Exercise – Pictures do not belong in the copy. Output exactly the lines from the one containing "Jean Solid Wood" to the end of the listing below.

Data segment –
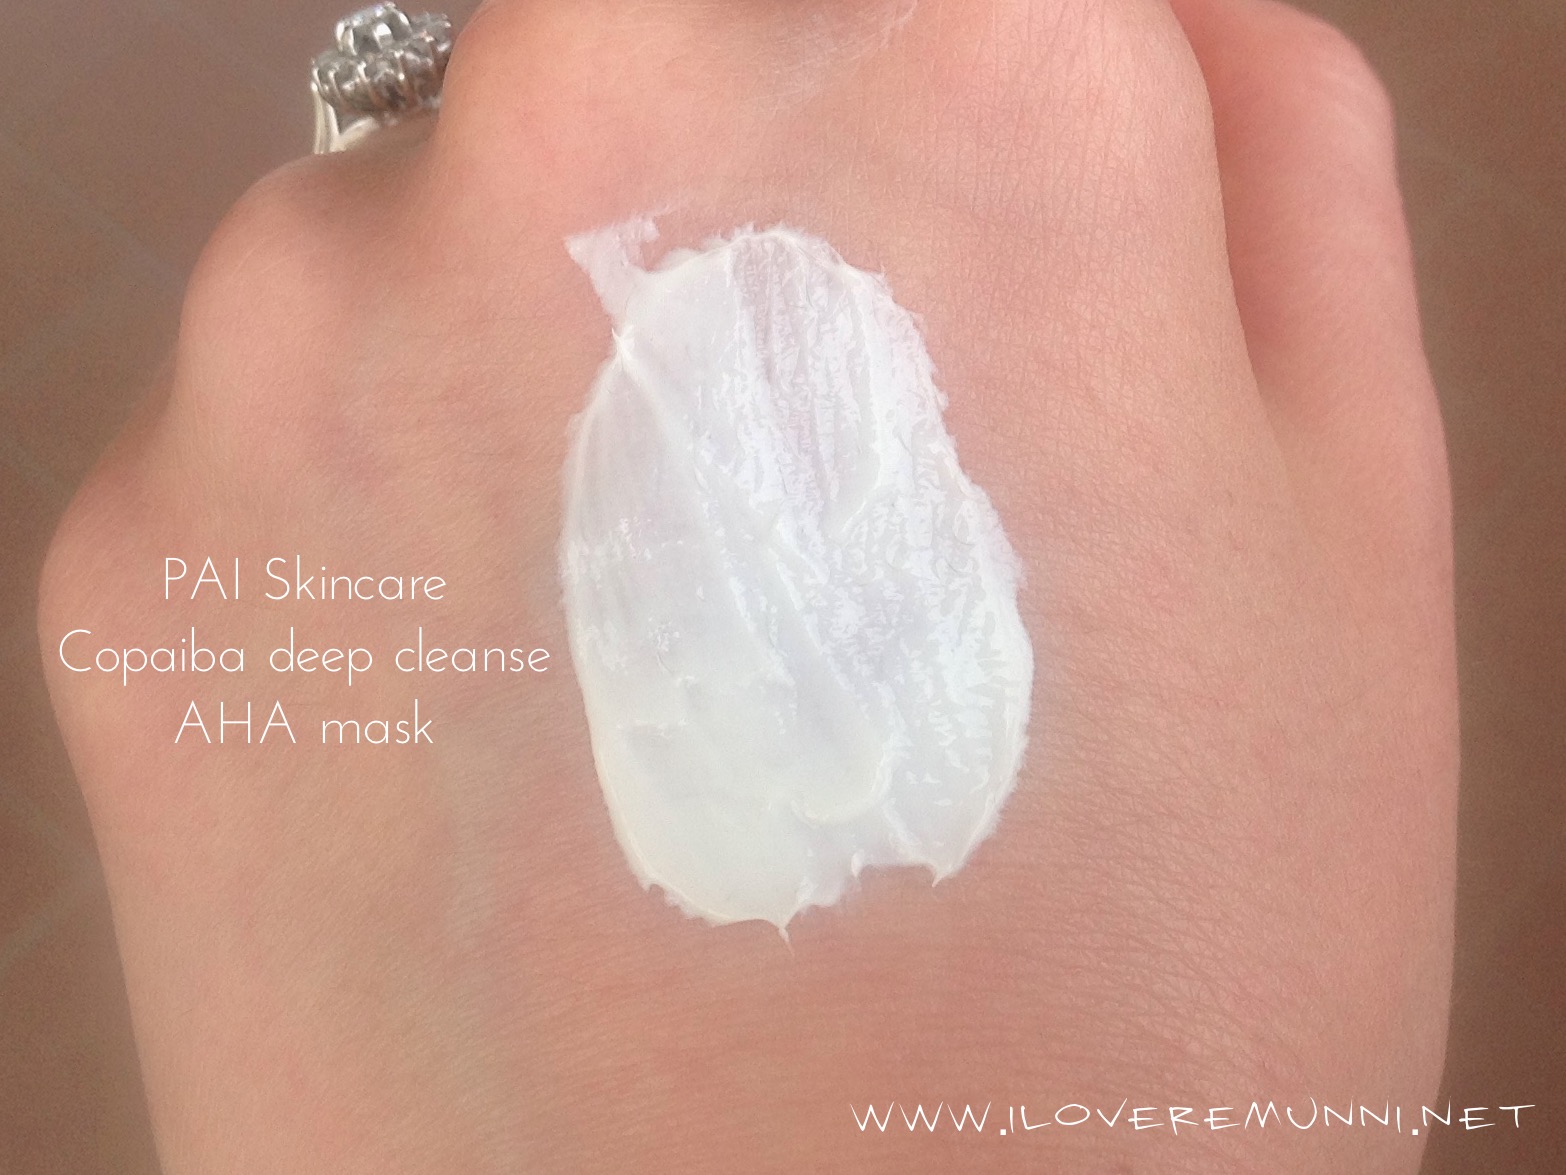 Pai-skincare-copaiba-aha-mask-opinione-recensione-inci-ingredients-review
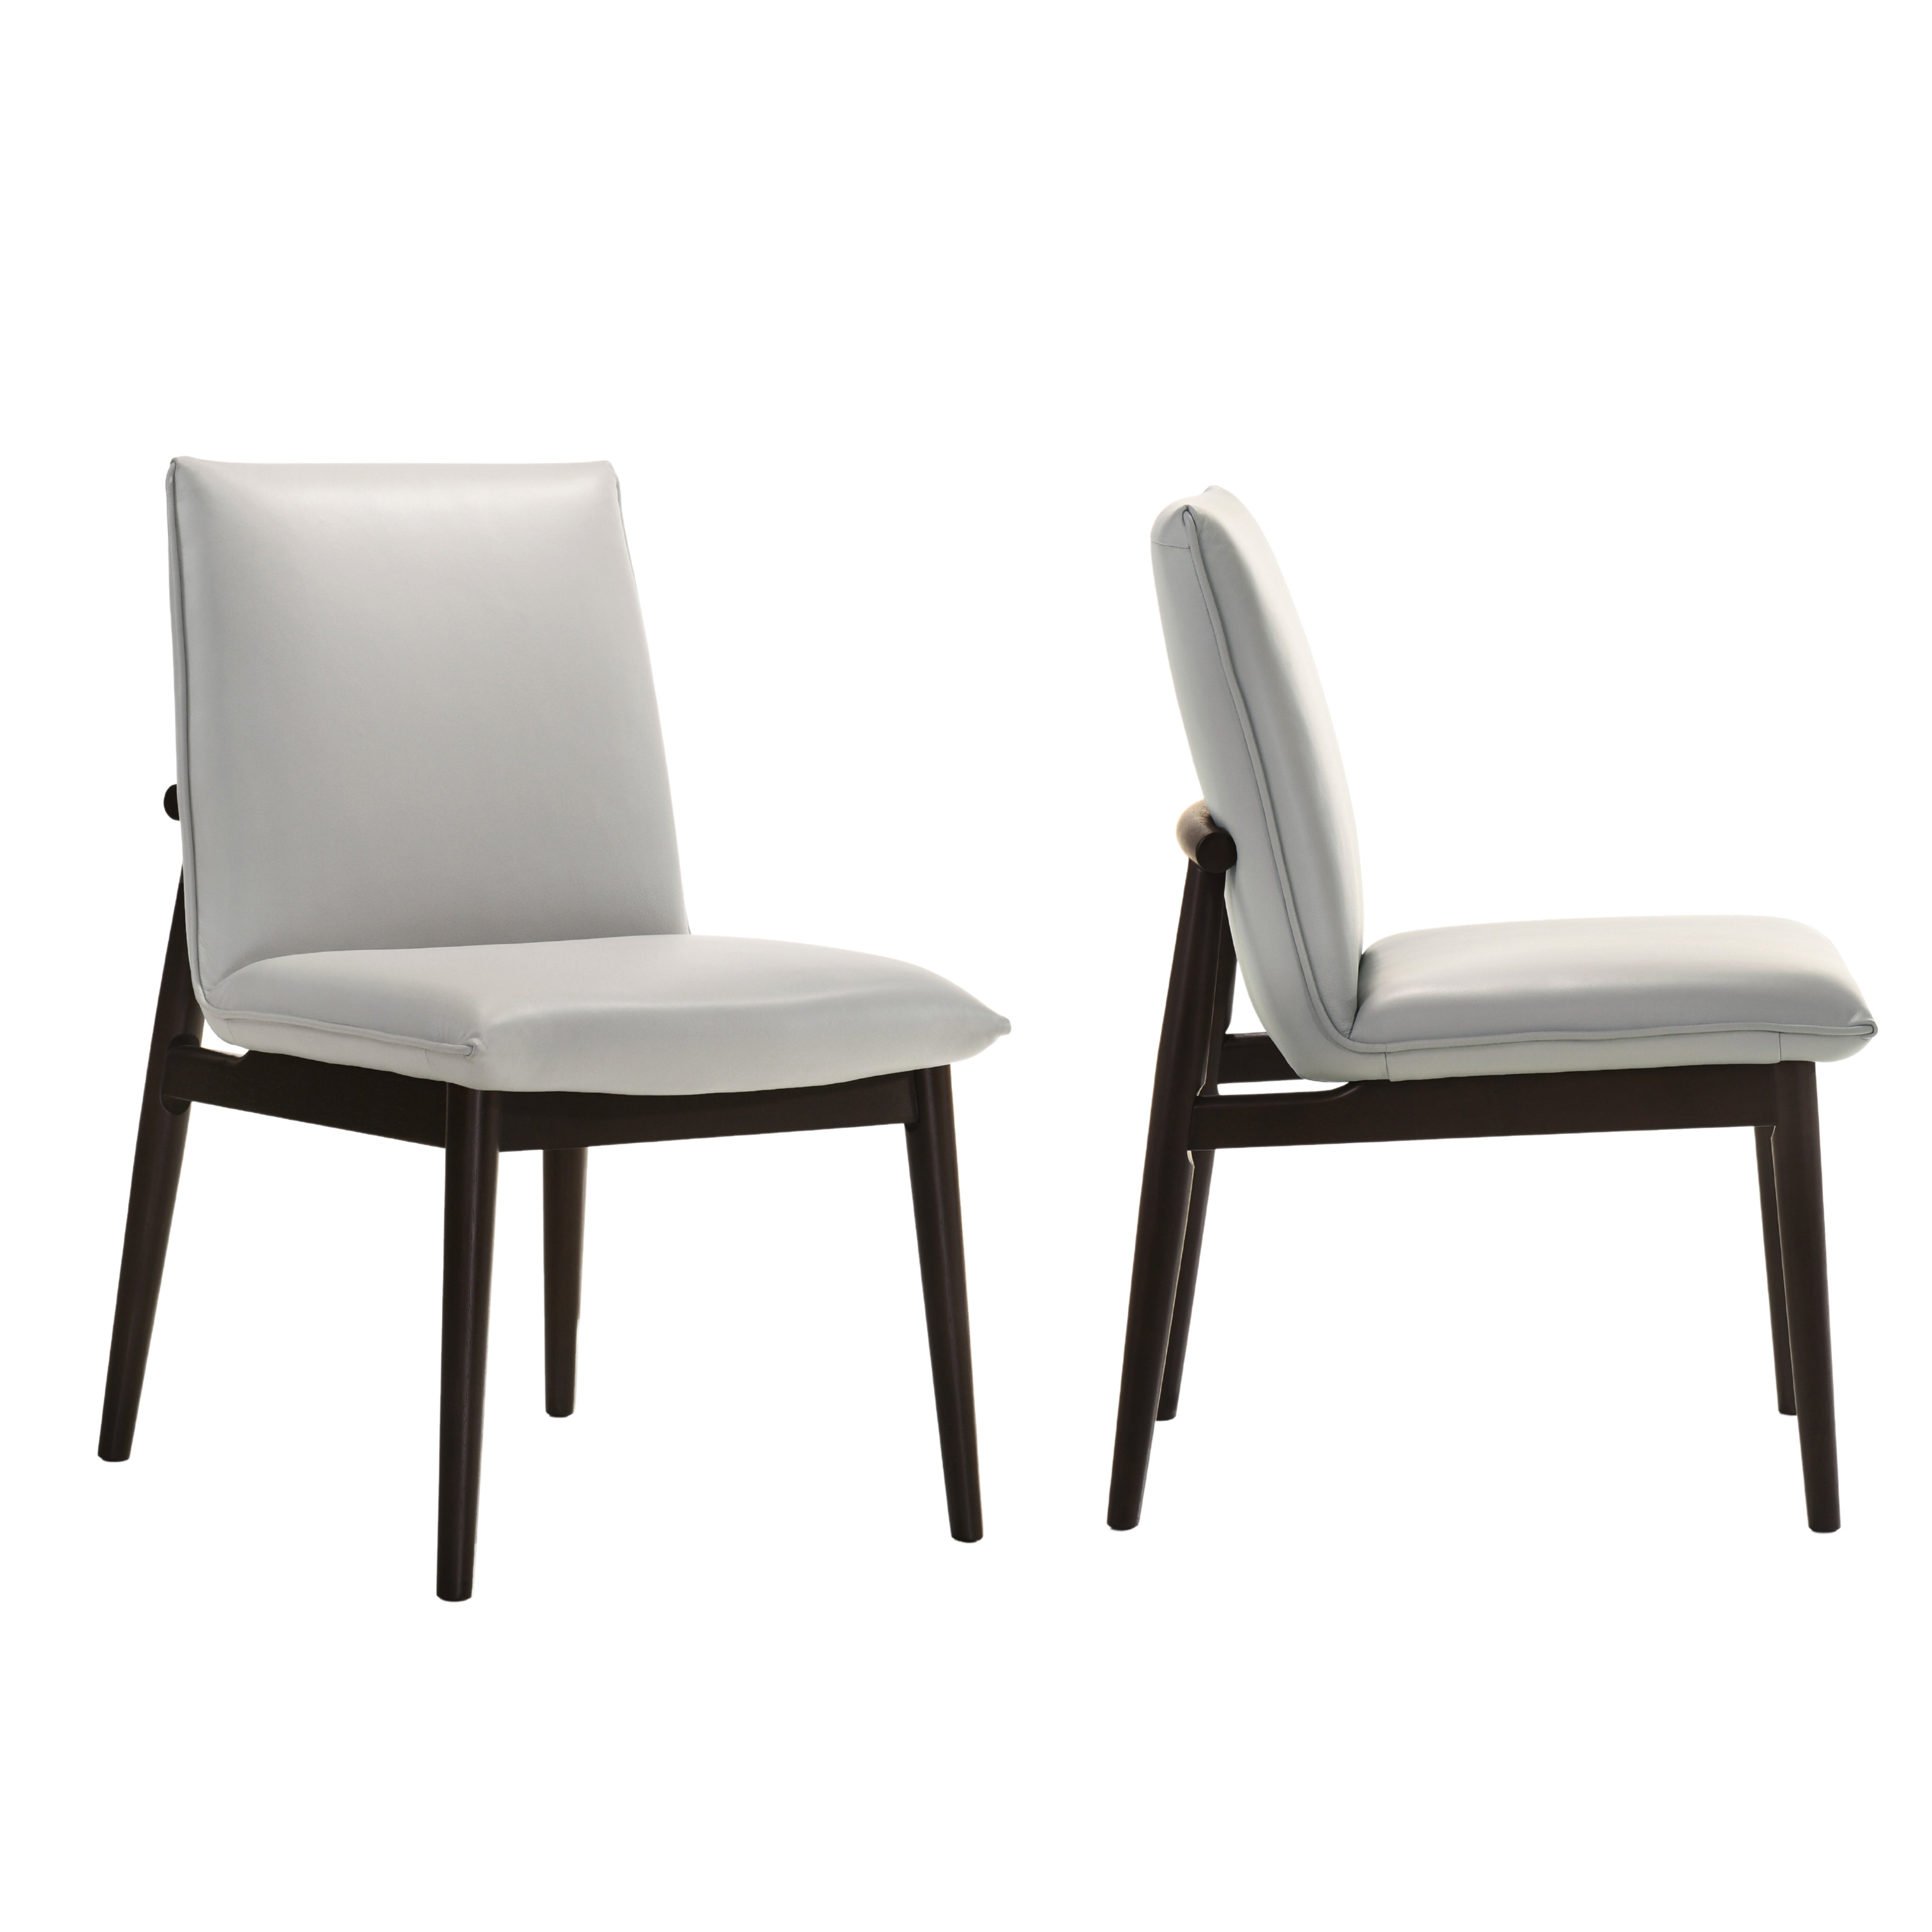 Jean Solid Wood Full Leather Dining Chairs, Light Gray (Set of 2)
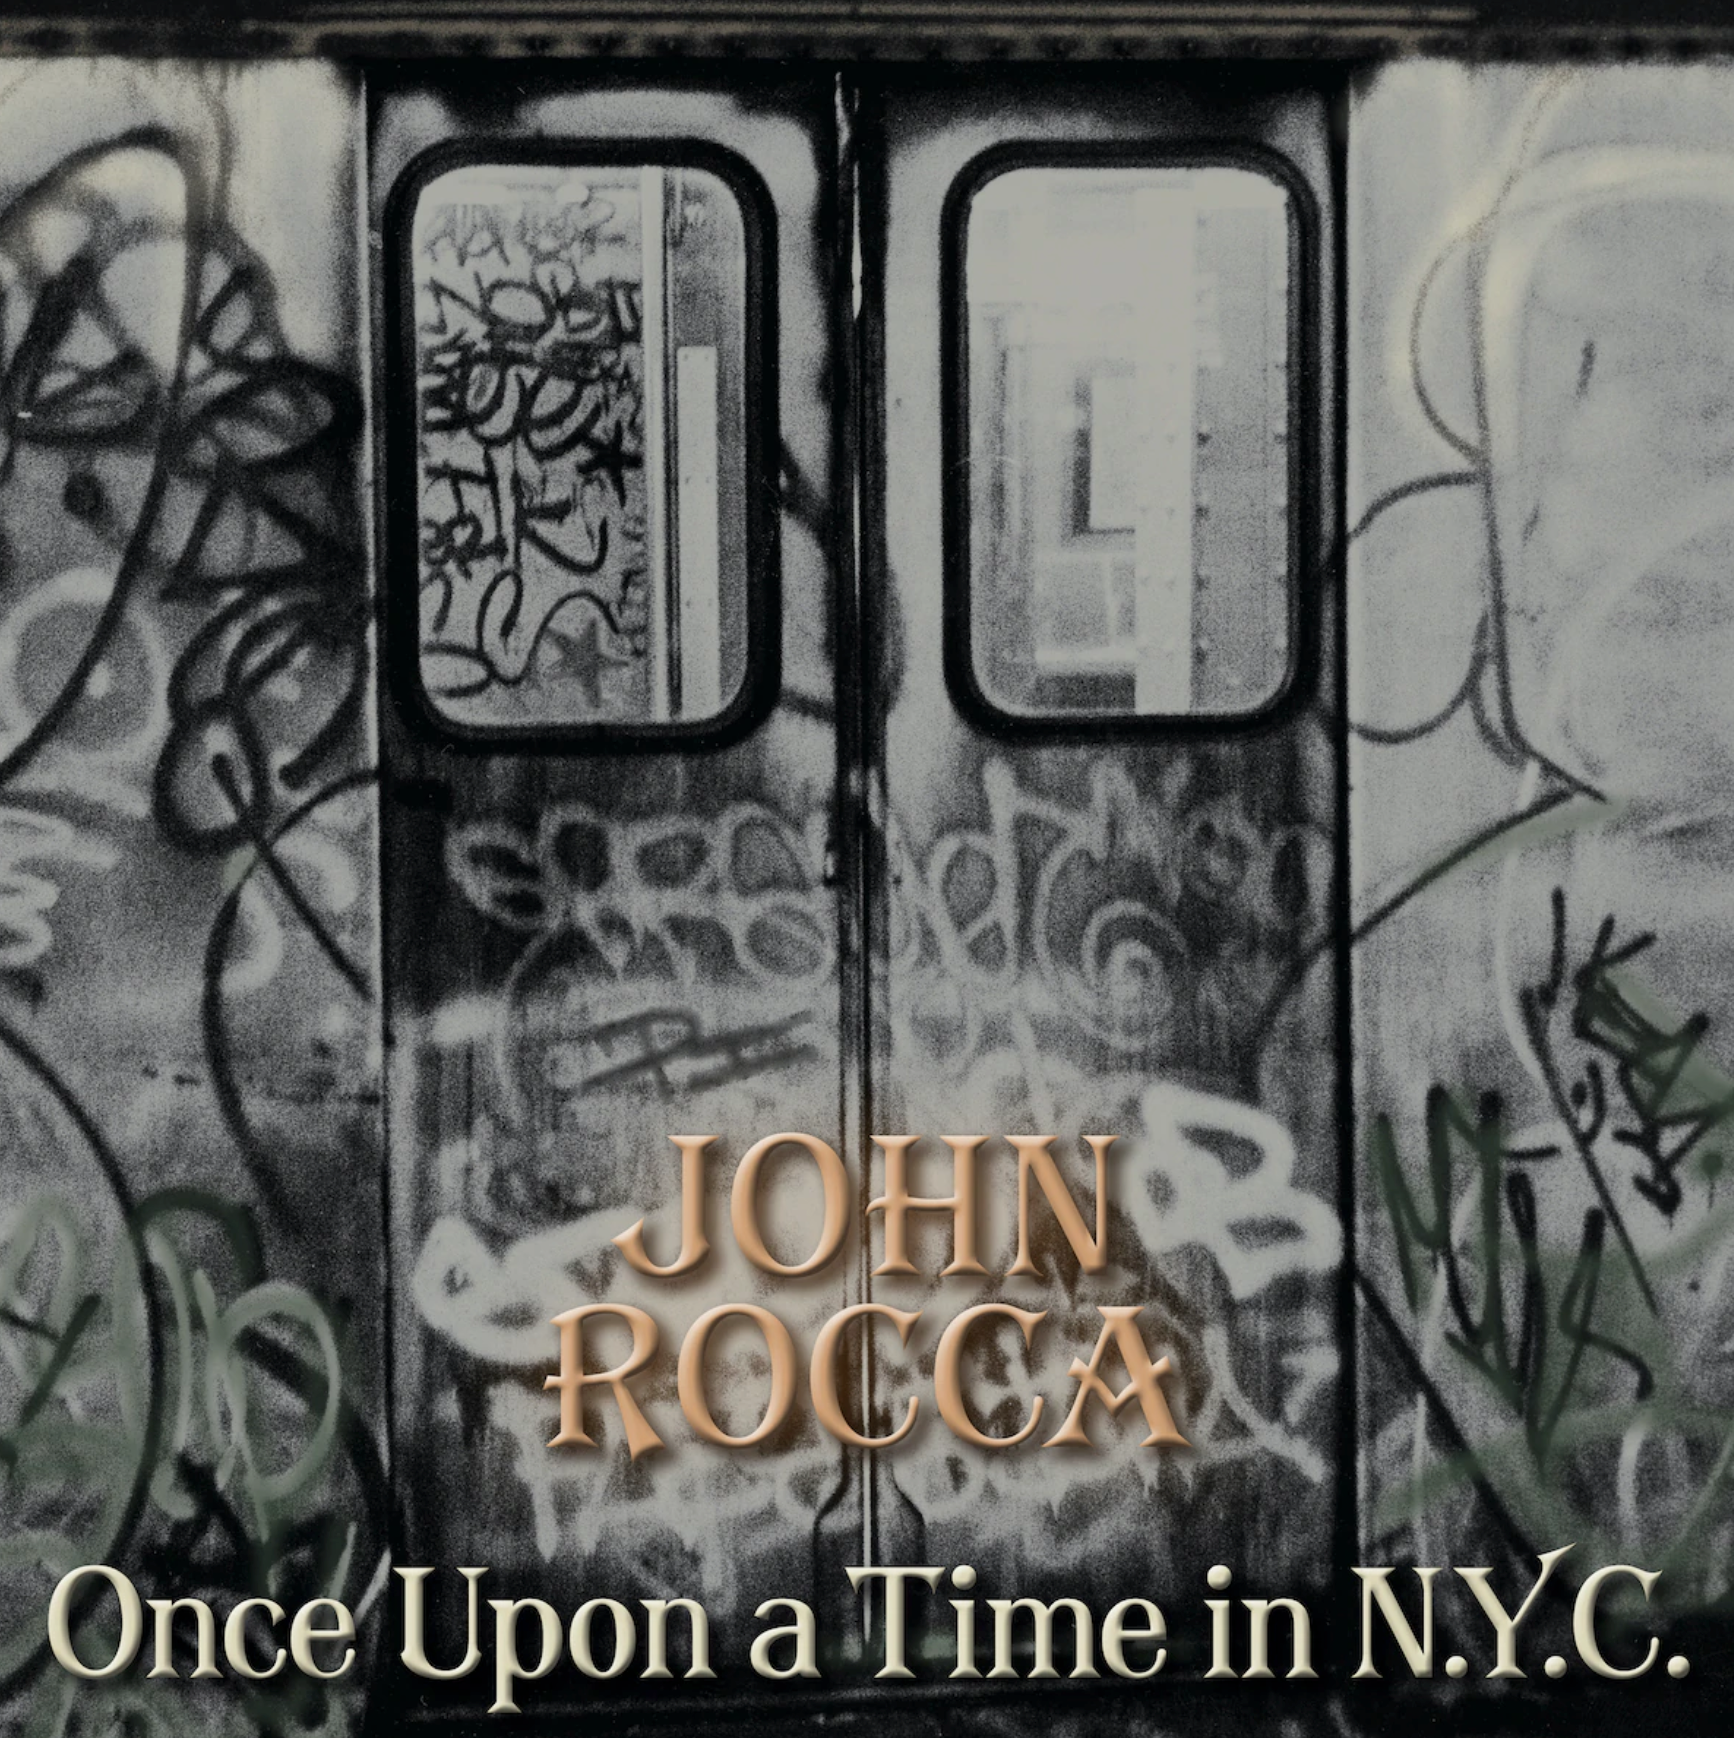 [DAMAGED] John Rocca - Once Upon A Time in N.Y.C.

Expected output –
 Jean Solid Wood Full Leather Dining Chairs, Light Gray (Set of 2)
 [DAMAGED] John Rocca - Once Upon A Time in N.Y.C.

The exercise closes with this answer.